This is a landmark practice-changing study by Blank et al (presented at a plenary session of the 2024 ASCO Annual Meeting and published in The New England Journal of Medicine).
The study randomized patients with stage III melanoma to either standard surgery followed by a year of adjuvant nivolumab (480 mg every 4 weeks) or a neoadjuvant combination of ipilimumab (80 mg) and nivolumab (240 mg) every 3 weeks for 2 cycles followed by surgery. The trial met its primary endpoint after a median follow-up of 9.9 months, with an estimated 1-year event-free survival rate of 57.2% in the adjuvant group versus 83.7% in the neoadjuvant group.
Another important observation is that 59% of patients achieved a major pathological response (MPR; MPR = pathological complete response [pCR] or near pCR (<10% viable tumor cells) after just two cycles of ipilimumab and nivolumab combination Patients who achieved MPR did not receive further adjuvant systemic therapy and had an excellent disease-free survival rate of 95.1% at 1 year.
The approach studied at NADINA will now quickly become the new standard of care for stage III melanoma.
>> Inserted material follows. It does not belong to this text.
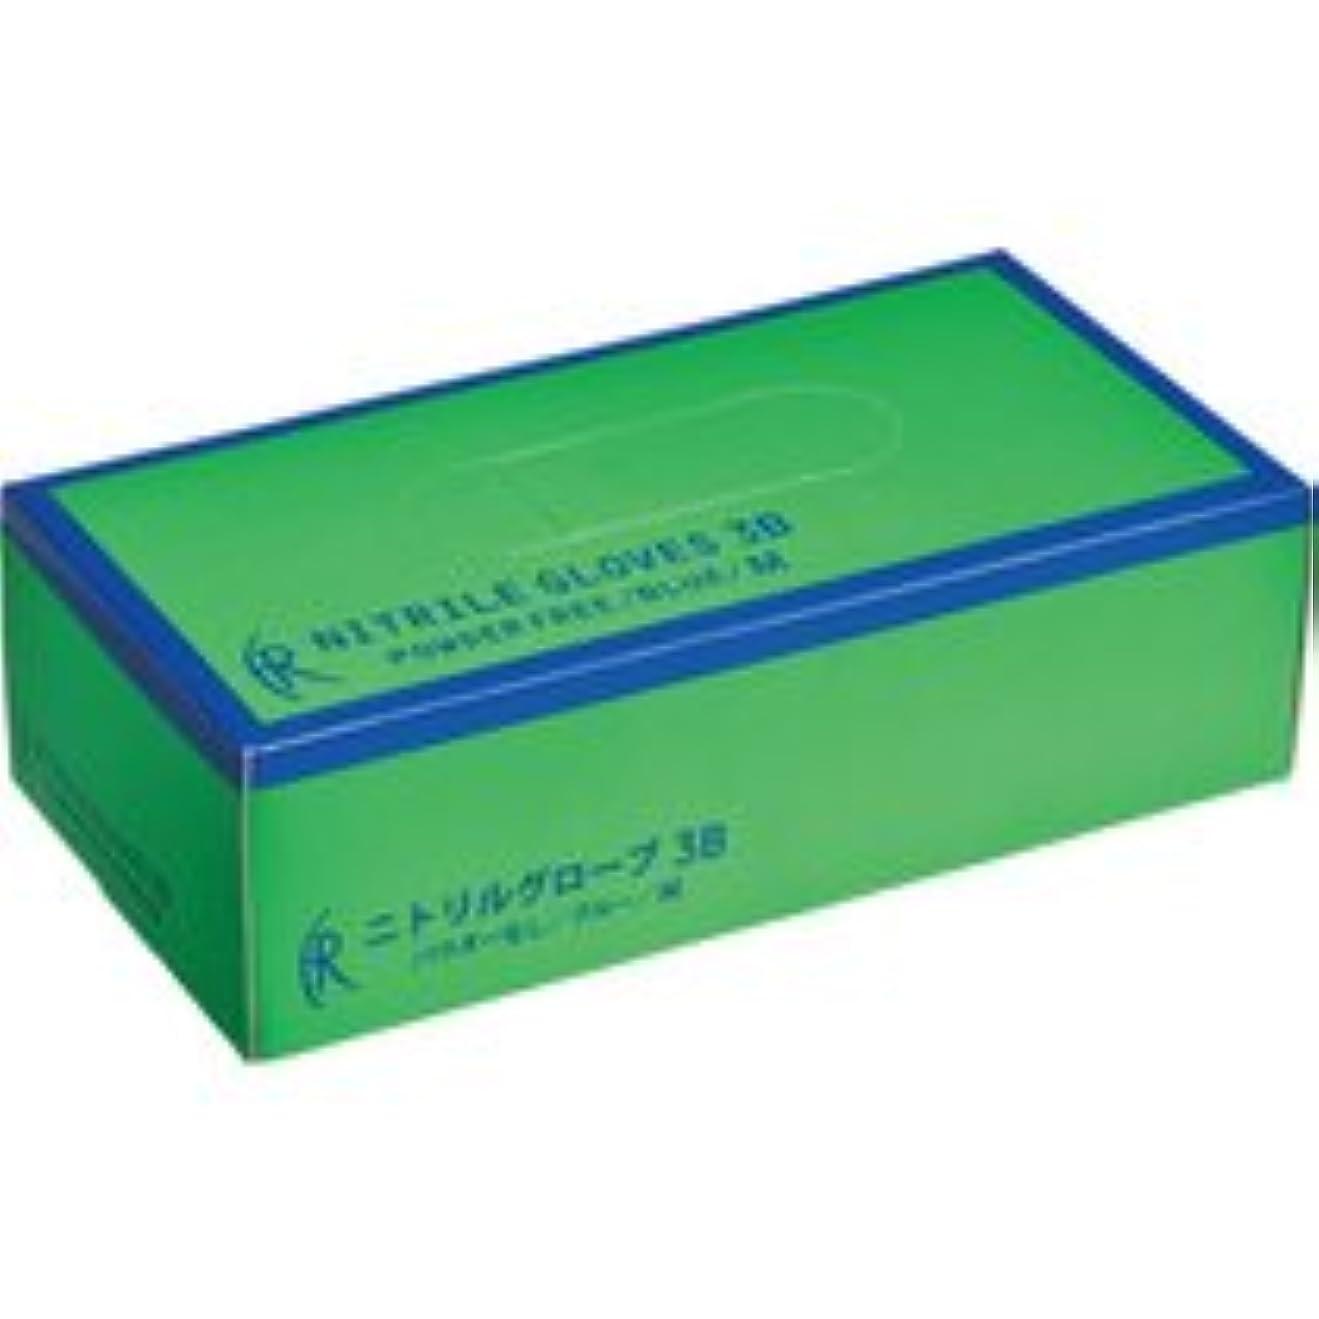 説教クリア濃度ファーストレイト ニトリルグローブ3B パウダーフリー M FR-5662 1箱(200枚)

Some advantages of this approach, besides the impressive benefit of VFS, are the fact that pathological response, being a valuable prognostic factor, allows adjuvant therapy or no adjuvant therapy in patients with MPR, this approach is more cost-effective than a full year of adjuvant therapy for all patients, and opens a window for surgical de-escalation, as has already been tested in the PRADO 1 validation study and will be confirmed in the upcoming MSLT-III study.
Neoadjuvant nivolumab and ipilimumab for resectable stage III melanoma
Previous phase 1-2 studies in patients with resectable stage III melanoma have shown that neoadjuvant immunotherapy is more effective than adjuvant immunotherapy.
In this phase 3 NADINA study, the authors randomized 423 patients with resectable stage III melanoma in a 1:1 ratio to receive two cycles of neoadjuvant ipilimumab plus nivolumab followed by surgery or to undergo surgery followed by 12 cycles of adjuvant nivolumab . Patients in the neoadjuvant group who had a partial response or no response to immunotherapy received subsequent adjuvant treatment. The primary endpoint was event-free survival (EFS).
At a median follow-up of 9.9 months, the estimated 12-month DFS was 83.7% in the neoadjuvant group and 57.2% in the adjuvant group. The difference in mean survival time was 8.00 months.
In the neoadjuvant group, 59.0% of patients had a significant pathological response, 8.0% had a partial response, 26.4% had no response (>50% residual viable tumor), and 2.4% progression was observed; 4.2% had not yet undergone surgery at the time of writing the report.
Estimated 12-month relapse-free survival was 95.1% among patients in the neoadjuvant group who had a significant pathologic response, 76.1% among those who had a partial response, and 57.0% among those with for whom no response was observed. Systemic treatment-related grade 3 or higher adverse events occurred in 29.7% of patients in the neoadjuvant group and 14.7% in the adjuvant group.